In the midst of the mayhem on Capitol Hill, the Department of Housing and Urban Development today launched the new and expanded “Hope for Homeowners” program.

Given all the mortgage rescue names being bandied about (“Hope Now”, “FHA Secure”, etc.) I’ll just take a moment to remind you about the crux of the Housing and Economic Rescue plan that was signed into law on July 31st. It expands the FHA loan program to back $300 billion worth of loans if the loans are modified and the lenders/owners of the loans agree to write down the principal balance to 90 percent of the newly appraised value of the property. Maximum mortgage amount is $550,440.
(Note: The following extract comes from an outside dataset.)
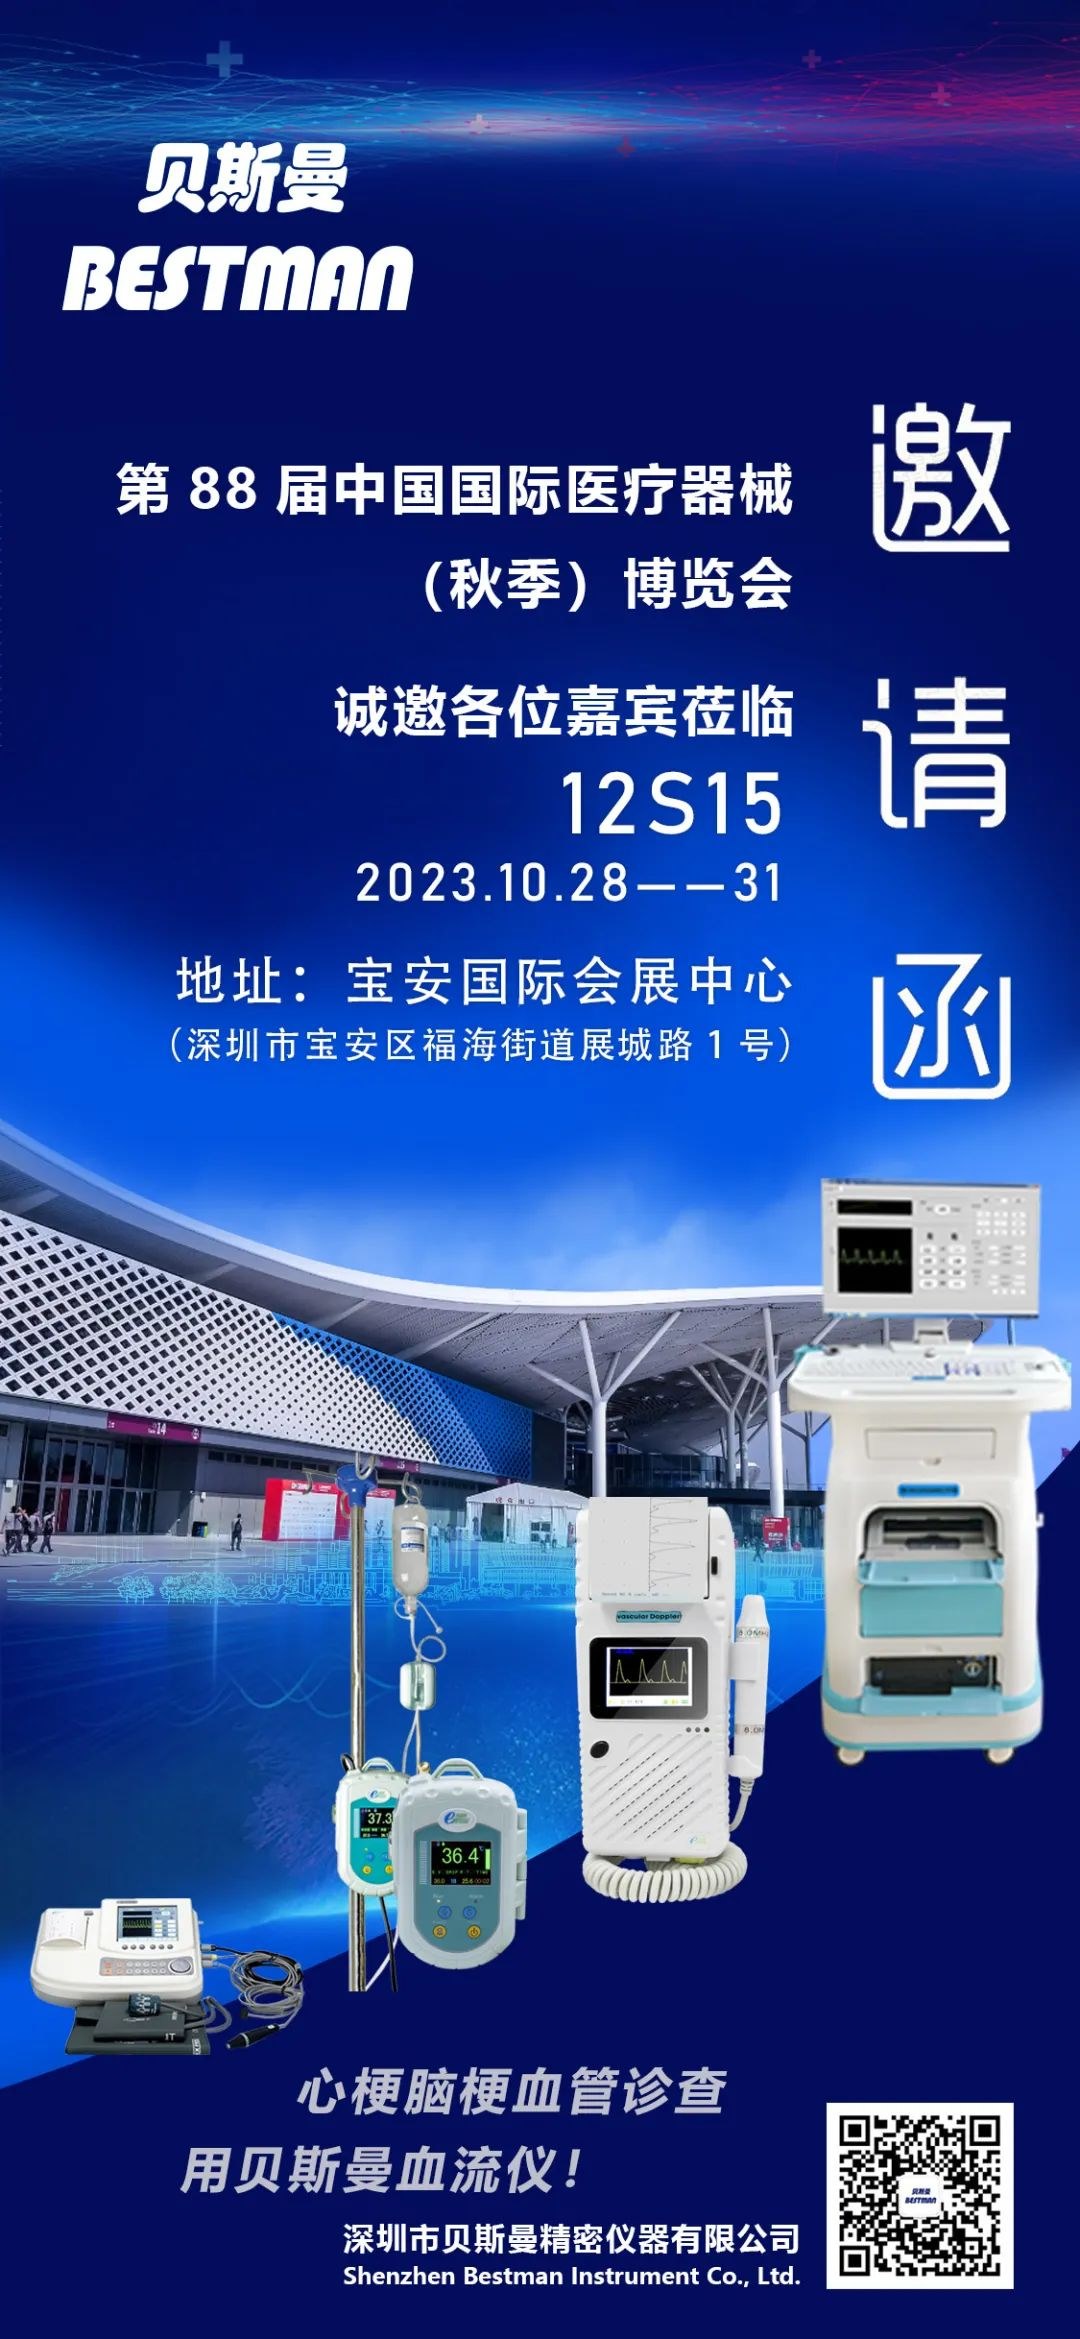 【展会预告】深圳贝斯曼精密仪器即将亮相“第 88 届中国国际医疗器械（秋季）博览会”

I guess that’s good news, if it were not for the fact that mortgage rates have shot up in the last week, thanks to widening credit spreads. Right now the spread is approaching levels of earlier this summer, before the Fannie/Freddie takeover. These are rates not seen since 1986.

So I guess it’s not surprising, given what’s going on (or not going on) on the Hill, that mortgage applications fell off a cliff again last week, for the second week in a row. The Mortgage Bankers Association reports a 23 percent drop in overall volume from the previous week, a 35 percent drop in refis and an 11 percent drop in the purchase index.

Let’s face it, nobody really wants to buy a house right now, especially when we’re all losing trillions in the stock market while buying big-ticket items like, well, oh, an insurance behemoth (AIG) and hundreds of thousands of mortgages (Fannie/Freddie).